**Your goal**.
Each of the lines below must be retyped character for character.

**Stored entries**.
+--

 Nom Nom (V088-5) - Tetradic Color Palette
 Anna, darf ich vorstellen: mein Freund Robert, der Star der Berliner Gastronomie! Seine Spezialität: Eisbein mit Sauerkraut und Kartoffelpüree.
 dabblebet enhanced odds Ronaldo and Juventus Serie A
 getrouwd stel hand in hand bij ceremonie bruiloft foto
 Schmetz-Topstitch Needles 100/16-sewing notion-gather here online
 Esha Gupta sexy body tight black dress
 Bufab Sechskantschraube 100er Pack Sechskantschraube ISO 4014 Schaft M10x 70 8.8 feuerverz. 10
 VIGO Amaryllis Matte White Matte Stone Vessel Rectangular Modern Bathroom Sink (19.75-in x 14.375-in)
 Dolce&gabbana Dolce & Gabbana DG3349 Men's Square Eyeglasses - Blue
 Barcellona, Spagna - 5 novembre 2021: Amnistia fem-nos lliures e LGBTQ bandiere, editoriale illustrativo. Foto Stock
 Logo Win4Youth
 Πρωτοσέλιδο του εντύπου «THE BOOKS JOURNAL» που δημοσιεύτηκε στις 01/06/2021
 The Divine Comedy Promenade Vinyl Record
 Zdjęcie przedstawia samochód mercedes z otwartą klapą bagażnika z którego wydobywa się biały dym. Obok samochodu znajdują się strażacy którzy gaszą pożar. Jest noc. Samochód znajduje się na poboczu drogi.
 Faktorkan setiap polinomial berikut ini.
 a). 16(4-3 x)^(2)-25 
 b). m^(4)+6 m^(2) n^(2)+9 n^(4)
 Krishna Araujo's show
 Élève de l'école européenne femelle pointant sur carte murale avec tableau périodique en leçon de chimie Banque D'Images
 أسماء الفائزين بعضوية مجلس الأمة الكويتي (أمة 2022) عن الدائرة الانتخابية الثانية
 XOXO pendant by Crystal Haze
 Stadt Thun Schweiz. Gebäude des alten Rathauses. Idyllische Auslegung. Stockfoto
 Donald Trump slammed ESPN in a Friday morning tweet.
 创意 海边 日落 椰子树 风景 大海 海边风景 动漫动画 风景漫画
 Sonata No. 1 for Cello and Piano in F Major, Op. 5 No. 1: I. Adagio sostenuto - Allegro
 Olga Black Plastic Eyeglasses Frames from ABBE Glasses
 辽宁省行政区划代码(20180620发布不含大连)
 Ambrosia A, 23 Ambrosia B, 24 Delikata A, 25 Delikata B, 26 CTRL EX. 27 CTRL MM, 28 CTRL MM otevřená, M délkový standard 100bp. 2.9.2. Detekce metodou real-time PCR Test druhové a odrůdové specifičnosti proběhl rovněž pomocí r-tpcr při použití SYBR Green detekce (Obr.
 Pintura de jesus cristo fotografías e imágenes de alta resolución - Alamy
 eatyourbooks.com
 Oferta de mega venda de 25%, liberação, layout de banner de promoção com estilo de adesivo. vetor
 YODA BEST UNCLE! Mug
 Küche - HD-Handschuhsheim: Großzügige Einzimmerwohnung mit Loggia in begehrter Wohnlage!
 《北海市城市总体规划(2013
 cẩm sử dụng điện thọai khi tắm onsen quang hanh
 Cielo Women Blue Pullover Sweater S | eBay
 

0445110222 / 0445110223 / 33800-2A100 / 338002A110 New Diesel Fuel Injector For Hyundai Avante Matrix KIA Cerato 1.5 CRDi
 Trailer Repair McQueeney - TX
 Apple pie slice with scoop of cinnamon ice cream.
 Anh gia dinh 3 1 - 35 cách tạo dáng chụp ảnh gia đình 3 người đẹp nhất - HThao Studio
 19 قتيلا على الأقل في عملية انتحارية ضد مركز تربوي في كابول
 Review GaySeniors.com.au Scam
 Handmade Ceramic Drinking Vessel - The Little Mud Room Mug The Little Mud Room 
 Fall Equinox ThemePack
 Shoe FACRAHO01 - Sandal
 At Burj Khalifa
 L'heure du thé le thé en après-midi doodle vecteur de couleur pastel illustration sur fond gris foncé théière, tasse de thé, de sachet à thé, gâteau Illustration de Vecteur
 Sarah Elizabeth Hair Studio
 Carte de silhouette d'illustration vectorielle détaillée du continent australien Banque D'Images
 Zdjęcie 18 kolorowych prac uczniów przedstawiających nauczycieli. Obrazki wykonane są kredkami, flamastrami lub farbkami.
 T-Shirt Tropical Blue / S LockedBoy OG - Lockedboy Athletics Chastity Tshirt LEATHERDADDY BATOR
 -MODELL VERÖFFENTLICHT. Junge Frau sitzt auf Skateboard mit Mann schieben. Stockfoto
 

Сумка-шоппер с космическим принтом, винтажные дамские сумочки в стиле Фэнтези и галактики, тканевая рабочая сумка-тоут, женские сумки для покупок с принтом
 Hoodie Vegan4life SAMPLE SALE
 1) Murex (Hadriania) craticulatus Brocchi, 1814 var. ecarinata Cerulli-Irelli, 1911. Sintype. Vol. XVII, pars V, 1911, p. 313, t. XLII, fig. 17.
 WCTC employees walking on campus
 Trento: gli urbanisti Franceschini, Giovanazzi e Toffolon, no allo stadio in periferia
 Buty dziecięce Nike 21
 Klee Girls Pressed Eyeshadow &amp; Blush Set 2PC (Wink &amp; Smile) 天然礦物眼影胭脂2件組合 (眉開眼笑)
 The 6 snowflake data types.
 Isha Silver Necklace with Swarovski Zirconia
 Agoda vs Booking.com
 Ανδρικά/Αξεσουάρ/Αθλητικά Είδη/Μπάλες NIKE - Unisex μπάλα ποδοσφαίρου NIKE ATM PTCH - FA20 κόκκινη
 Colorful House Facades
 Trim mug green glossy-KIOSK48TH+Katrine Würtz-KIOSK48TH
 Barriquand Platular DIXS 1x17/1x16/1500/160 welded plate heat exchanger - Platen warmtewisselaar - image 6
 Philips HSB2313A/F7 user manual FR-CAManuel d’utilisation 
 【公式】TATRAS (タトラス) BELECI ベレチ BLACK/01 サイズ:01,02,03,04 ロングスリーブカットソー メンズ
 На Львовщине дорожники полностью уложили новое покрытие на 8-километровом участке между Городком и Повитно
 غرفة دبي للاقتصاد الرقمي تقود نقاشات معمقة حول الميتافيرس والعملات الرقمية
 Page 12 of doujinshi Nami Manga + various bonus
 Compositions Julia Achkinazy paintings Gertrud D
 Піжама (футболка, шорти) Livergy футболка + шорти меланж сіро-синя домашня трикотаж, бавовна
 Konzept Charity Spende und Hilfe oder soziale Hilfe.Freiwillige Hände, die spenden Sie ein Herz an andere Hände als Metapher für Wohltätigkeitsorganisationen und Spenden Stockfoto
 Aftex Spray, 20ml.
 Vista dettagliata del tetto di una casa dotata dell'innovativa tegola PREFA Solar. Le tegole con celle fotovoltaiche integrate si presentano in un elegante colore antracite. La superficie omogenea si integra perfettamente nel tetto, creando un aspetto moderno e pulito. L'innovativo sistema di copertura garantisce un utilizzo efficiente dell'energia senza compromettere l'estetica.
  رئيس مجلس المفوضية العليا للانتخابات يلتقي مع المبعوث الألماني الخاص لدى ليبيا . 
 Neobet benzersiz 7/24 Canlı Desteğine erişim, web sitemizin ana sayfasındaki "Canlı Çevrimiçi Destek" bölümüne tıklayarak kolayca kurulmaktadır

+--

**Completed exercise**.
 Nom Nom (V088-5) - Tetradic Color Palette
 Anna, darf ich vorstellen: mein Freund Robert, der Star der Berliner Gastronomie! Seine Spezialität: Eisbein mit Sauerkraut und Kartoffelpüree.
 dabblebet enhanced odds Ronaldo and Juventus Serie A
 getrouwd stel hand in hand bij ceremonie bruiloft foto
 Schmetz-Topstitch Needles 100/16-sewing notion-gather here online
 Esha Gupta sexy body tight black dress
 Bufab Sechskantschraube 100er Pack Sechskantschraube ISO 4014 Schaft M10x 70 8.8 feuerverz. 10
 VIGO Amaryllis Matte White Matte Stone Vessel Rectangular Modern Bathroom Sink (19.75-in x 14.375-in)
 Dolce&gabbana Dolce & Gabbana DG3349 Men's Square Eyeglasses - Blue
 Barcellona, Spagna - 5 novembre 2021: Amnistia fem-nos lliures e LGBTQ bandiere, editoriale illustrativo. Foto Stock
 Logo Win4Youth
 Πρωτοσέλιδο του εντύπου «THE BOOKS JOURNAL» που δημοσιεύτηκε στις 01/06/2021
 The Divine Comedy Promenade Vinyl Record
 Zdjęcie przedstawia samochód mercedes z otwartą klapą bagażnika z którego wydobywa się biały dym. Obok samochodu znajdują się strażacy którzy gaszą pożar. Jest noc. Samochód znajduje się na poboczu drogi.
 Faktorkan setiap polinomial berikut ini.
 a). 16(4-3 x)^(2)-25 
 b). m^(4)+6 m^(2) n^(2)+9 n^(4)
 Krishna Araujo's show
 Élève de l'école européenne femelle pointant sur carte murale avec tableau périodique en leçon de chimie Banque D'Images
 أسماء الفائزين بعضوية مجلس الأمة الكويتي (أمة 2022) عن الدائرة الانتخابية الثانية
 XOXO pendant by Crystal Haze
 Stadt Thun Schweiz. Gebäude des alten Rathauses. Idyllische Auslegung. Stockfoto
 Donald Trump slammed ESPN in a Friday morning tweet.
 创意 海边 日落 椰子树 风景 大海 海边风景 动漫动画 风景漫画
 Sonata No. 1 for Cello and Piano in F Major, Op. 5 No. 1: I. Adagio sostenuto - Allegro
 Olga Black Plastic Eyeglasses Frames from ABBE Glasses
 辽宁省行政区划代码(20180620发布不含大连)
 Ambrosia A, 23 Ambrosia B, 24 Delikata A, 25 Delikata B, 26 CTRL EX. 27 CTRL MM, 28 CTRL MM otevřená, M délkový standard 100bp. 2.9.2. Detekce metodou real-time PCR Test druhové a odrůdové specifičnosti proběhl rovněž pomocí r-tpcr při použití SYBR Green detekce (Obr.
 Pintura de jesus cristo fotografías e imágenes de alta resolución - Alamy
 eatyourbooks.com
 Oferta de mega venda de 25%, liberação, layout de banner de promoção com estilo de adesivo. vetor
 YODA BEST UNCLE! Mug
 Küche - HD-Handschuhsheim: Großzügige Einzimmerwohnung mit Loggia in begehrter Wohnlage!
 《北海市城市总体规划(2013
 cẩm sử dụng điện thọai khi tắm onsen quang hanh
 Cielo Women Blue Pullover Sweater S | eBay
 

0445110222 / 0445110223 / 33800-2A100 / 338002A110 New Diesel Fuel Injector For Hyundai Avante Matrix KIA Cerato 1.5 CRDi
 Trailer Repair McQueeney - TX
 Apple pie slice with scoop of cinnamon ice cream.
 Anh gia dinh 3 1 - 35 cách tạo dáng chụp ảnh gia đình 3 người đẹp nhất - HThao Studio
 19 قتيلا على الأقل في عملية انتحارية ضد مركز تربوي في كابول
 Review GaySeniors.com.au Scam
 Handmade Ceramic Drinking Vessel - The Little Mud Room Mug The Little Mud Room 
 Fall Equinox ThemePack
 Shoe FACRAHO01 - Sandal
 At Burj Khalifa
 L'heure du thé le thé en après-midi doodle vecteur de couleur pastel illustration sur fond gris foncé théière, tasse de thé, de sachet à thé, gâteau Illustration de Vecteur
 Sarah Elizabeth Hair Studio
 Carte de silhouette d'illustration vectorielle détaillée du continent australien Banque D'Images
 Zdjęcie 18 kolorowych prac uczniów przedstawiających nauczycieli. Obrazki wykonane są kredkami, flamastrami lub farbkami.
 T-Shirt Tropical Blue / S LockedBoy OG - Lockedboy Athletics Chastity Tshirt LEATHERDADDY BATOR
 -MODELL VERÖFFENTLICHT. Junge Frau sitzt auf Skateboard mit Mann schieben. Stockfoto
 

Сумка-шоппер с космическим принтом, винтажные дамские сумочки в стиле Фэнтези и галактики, тканевая рабочая сумка-тоут, женские сумки для покупок с принтом
 Hoodie Vegan4life SAMPLE SALE
 1) Murex (Hadriania) craticulatus Brocchi, 1814 var. ecarinata Cerulli-Irelli, 1911. Sintype. Vol. XVII, pars V, 1911, p. 313, t. XLII, fig. 17.
 WCTC employees walking on campus
 Trento: gli urbanisti Franceschini, Giovanazzi e Toffolon, no allo stadio in periferia
 Buty dziecięce Nike 21
 Klee Girls Pressed Eyeshadow &amp; Blush Set 2PC (Wink &amp; Smile) 天然礦物眼影胭脂2件組合 (眉開眼笑)
 The 6 snowflake data types.
 Isha Silver Necklace with Swarovski Zirconia
 Agoda vs Booking.com
 Ανδρικά/Αξεσουάρ/Αθλητικά Είδη/Μπάλες NIKE - Unisex μπάλα ποδοσφαίρου NIKE ATM PTCH - FA20 κόκκινη
 Colorful House Facades
 Trim mug green glossy-KIOSK48TH+Katrine Würtz-KIOSK48TH
 Barriquand Platular DIXS 1x17/1x16/1500/160 welded plate heat exchanger - Platen warmtewisselaar - image 6
 Philips HSB2313A/F7 user manual FR-CAManuel d’utilisation 
 【公式】TATRAS (タトラス) BELECI ベレチ BLACK/01 サイズ:01,02,03,04 ロングスリーブカットソー メンズ
 На Львовщине дорожники полностью уложили новое покрытие на 8-километровом участке между Городком и Повитно
 غرفة دبي للاقتصاد الرقمي تقود نقاشات معمقة حول الميتافيرس والعملات الرقمية
 Page 12 of doujinshi Nami Manga + various bonus
 Compositions Julia Achkinazy paintings Gertrud D
 Піжама (футболка, шорти) Livergy футболка + шорти меланж сіро-синя домашня трикотаж, бавовна
 Konzept Charity Spende und Hilfe oder soziale Hilfe.Freiwillige Hände, die spenden Sie ein Herz an andere Hände als Metapher für Wohltätigkeitsorganisationen und Spenden Stockfoto
 Aftex Spray, 20ml.
 Vista dettagliata del tetto di una casa dotata dell'innovativa tegola PREFA Solar. Le tegole con celle fotovoltaiche integrate si presentano in un elegante colore antracite. La superficie omogenea si integra perfettamente nel tetto, creando un aspetto moderno e pulito. L'innovativo sistema di copertura garantisce un utilizzo efficiente dell'energia senza compromettere l'estetica.
  رئيس مجلس المفوضية العليا للانتخابات يلتقي مع المبعوث الألماني الخاص لدى ليبيا . 
 Neobet benzersiz 7/24 Canlı Desteğine erişim, web sitemizin ana sayfasındaki "Canlı Çevrimiçi Destek" bölümüne tıklayarak kolayca kurulmaktadır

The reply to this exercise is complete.